The only evidence submitted by petitioner on appeal is an unsworn letter from the landlord of petitioner’s residence (which is located outside of respondent’s district) stating that the student does not live at petitioner’s address and an unsworn letter from the student’s older sister, who asserts that the student lives with her within the district.  While these letters are entitled to some weight concerning the student’s physical presence, that is not at issue in this appeal.[3]  The parties’ dispute concerns the issue of whether petitioner has effectuated a complete transfer of custody and control over the student to the student’s older sister and, based on the record before me, petitioner has not met her burden of demonstrating a complete transfer of custody and control of the student.

In light of this determination, I need not address the parties’ remaining contentions.

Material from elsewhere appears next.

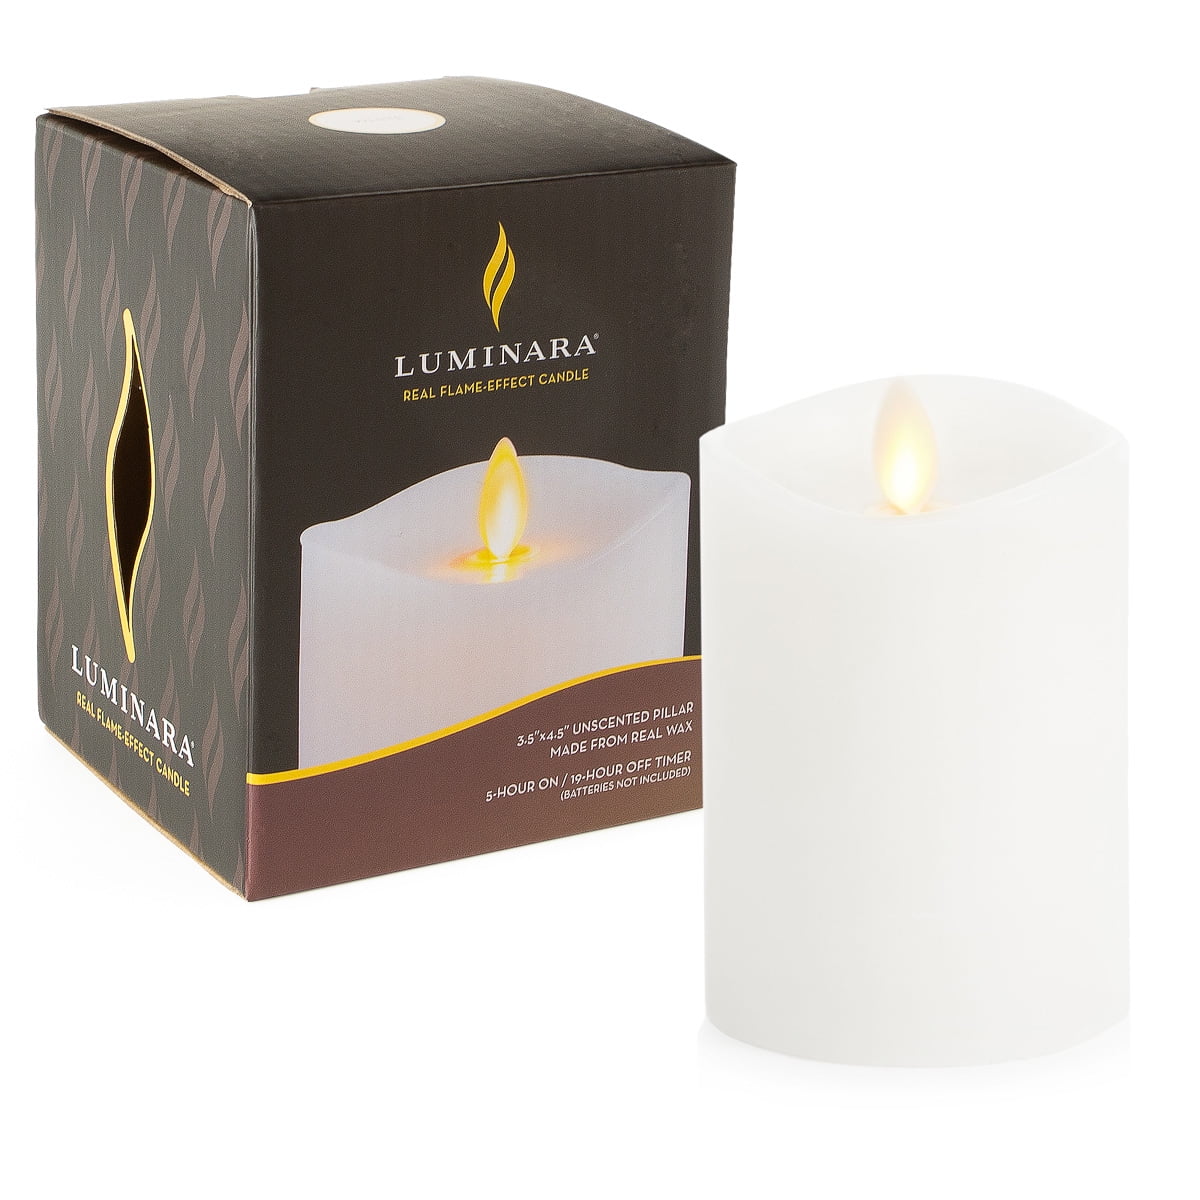 Luminara LED Light Flameless Pillar Wax Candle Real Flame Effect Unscented

Although the appeal must be dismissed for the reasons described above, I note that petitioner retains the right to reapply for admission to respondent’s schools on her daughter’s behalf at any time, should circumstances change, and to present any information for respondent’s consideration.

THE APPEAL IS DISMISSED.

END OF FILE

 

[1] The record does not contain a copy of this affidavit; respondent indicates on appeal that “[t]he signed original cannot be located.” 

 

[2] Although not raised by respondent, I note that, irrespective of her guardianship status, petitioner has standing to bring the instant appeal as the student’s parent (Appeal of Peykar, 38 Ed Dept Rep 141, Decision No. 14,003; Matter of Howell, 20 id. 167, Decision No. 10,363).

 

[3] Respondent asserts in its answer that “Petitioner admits that [the student] resides with the Petitioner on the weekends.”  To the extent respondent suggests that the student does not physically reside with her older sister, respondent did not exclude the student on this basis and offers no proof in this appeal in support of such assertion.